A group of largely teenage hackers breached T-Mobile and downloaded over 30,000 source code repositories — even gaining access to Atlas, an internal T-Mobile tool for managing customer accounts — according to a new eye-popping report by independent investigative journalist Brian Krebs, who was leaked internal Telegram group messages from the LAPSUS$ group by a disgruntled former associate. T-Mobile has now admitted the breach.

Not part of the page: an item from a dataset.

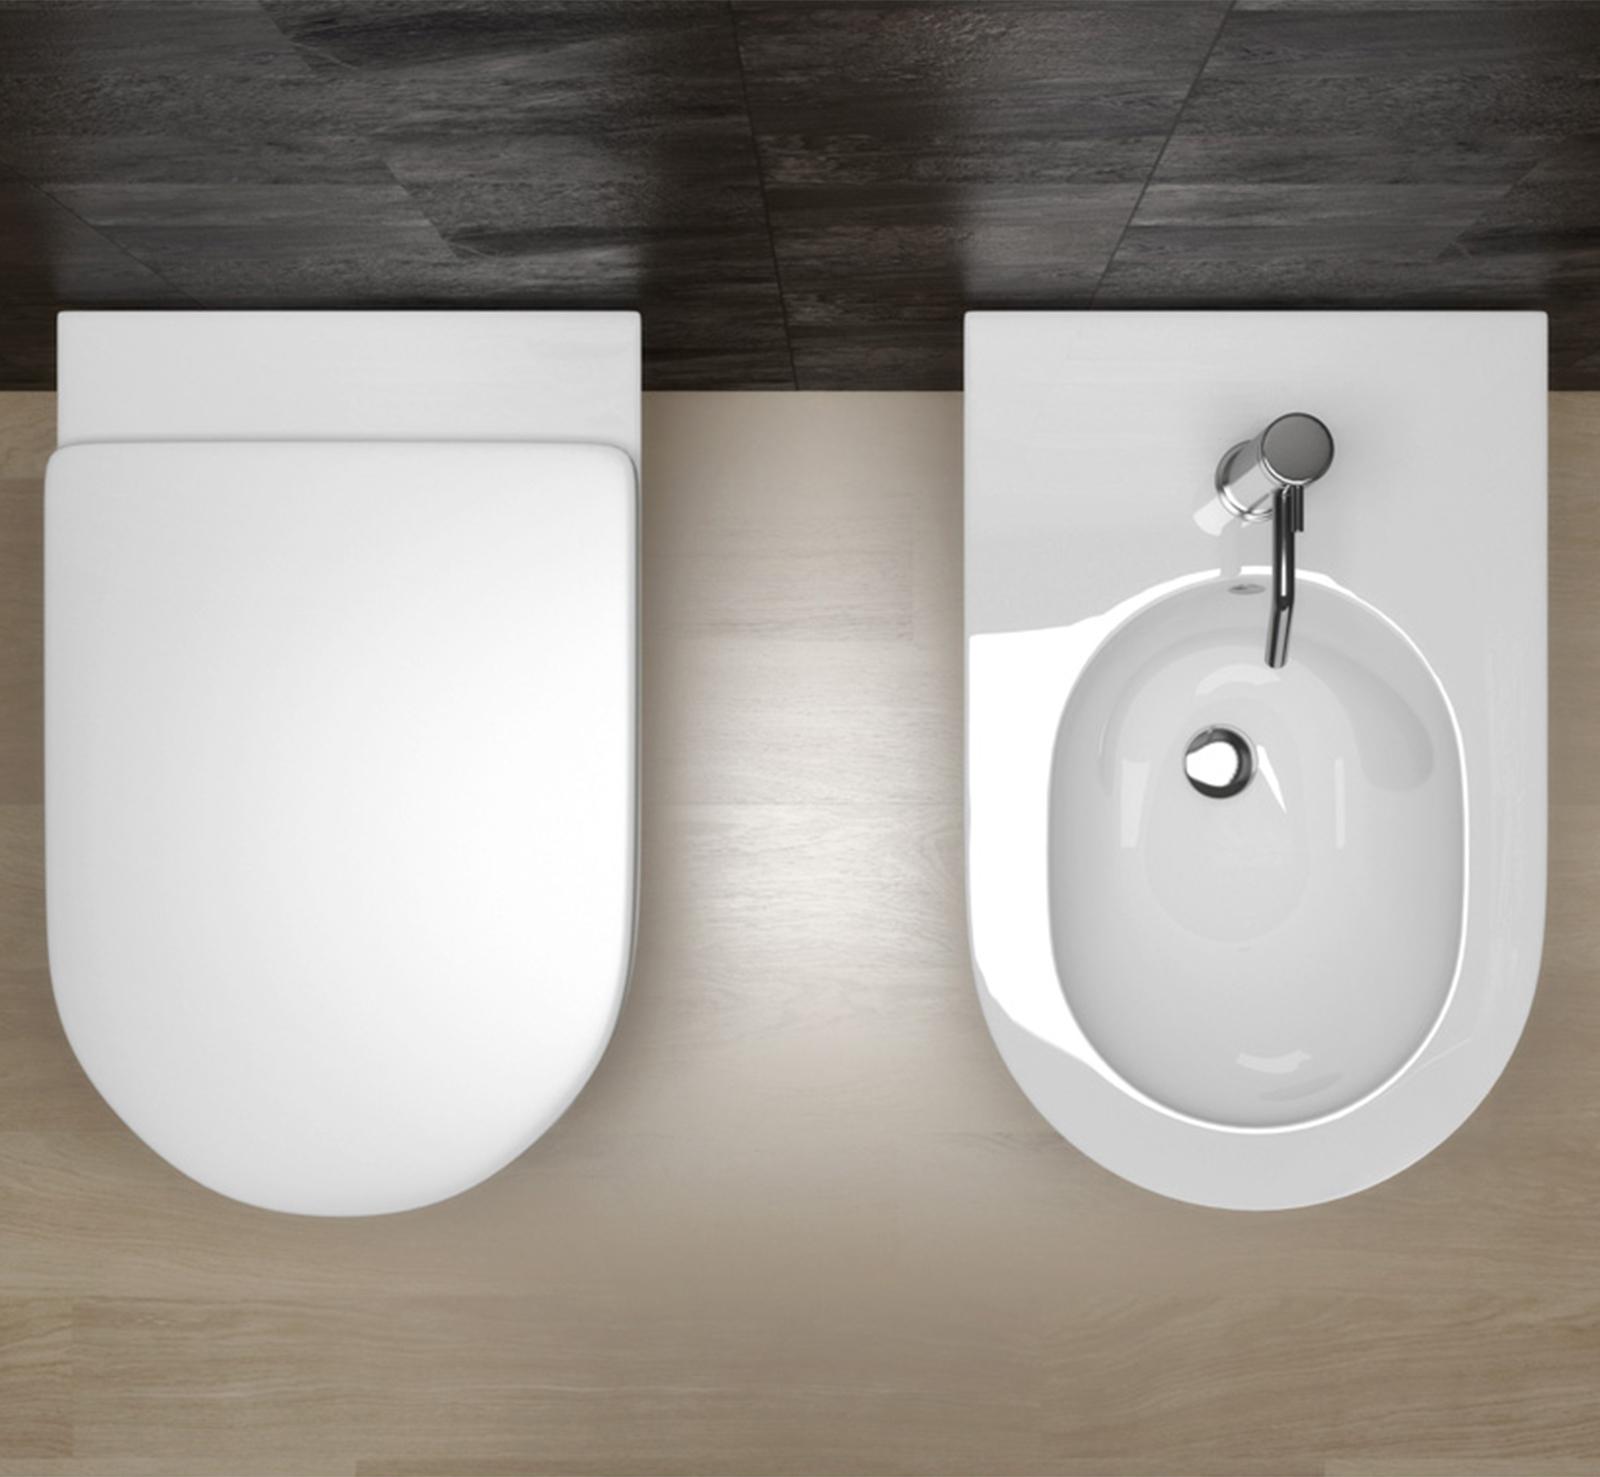 sanitari sospesi design minimal ceramica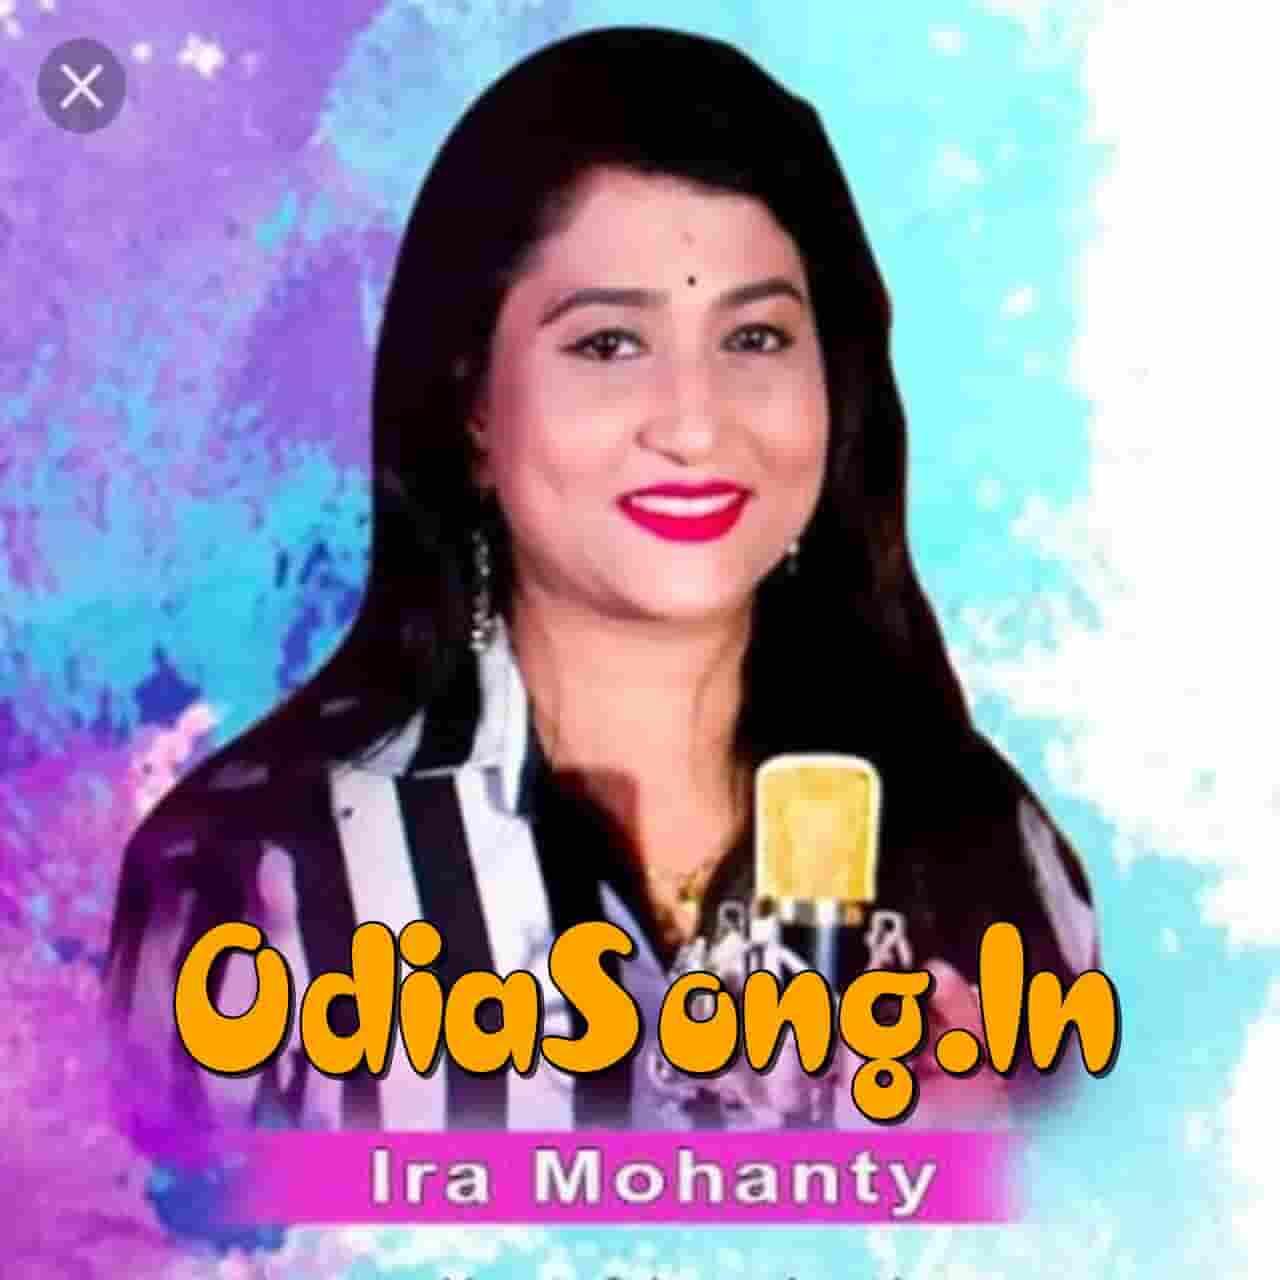 Ratira Bayasa Badhi Badhi Jaye - Ira Mohanty

“The messages reveal that each time LAPSUS$ was cut off from a T-Mobile employee’s account — either because the employee tried to log in or change their password — they would just find or buy another set of T-Mobile VPN credentials” Krebs wrote on April 22. The veteran security reporter suggested this week that the ease with which LAPSUS$ could buy access from dark web sites meant businesses should scrape them regularly.
“Anyone can access dark web bot shops like Russian Market and Genesis, which means larger companies probably should be paying someone to regularly scrape these criminal bot services, even buying back their own employee credentials to take those vulnerable systems off the market” he noted in his own write-up.
“Because that’s probably the simplest and cheapest incident response money can buy.”
T-Mobile, which reported $58.4 billion in full-year 2021 earnings, was also devastatingly hacked in August 2021, with the data of 40 million customers stolen in an incident that its CEO described as “humbling”.
T-Mobile CEO Mike Sievert said in August 2021 in the wake of that breach that the telco was entering “long-term partnerships with the industry-leading cybersecurity experts at Mandiant, and with consulting firm KPMG” as part of “a substantial multi-year investment to adopt best-in-class practices and transform our approach.”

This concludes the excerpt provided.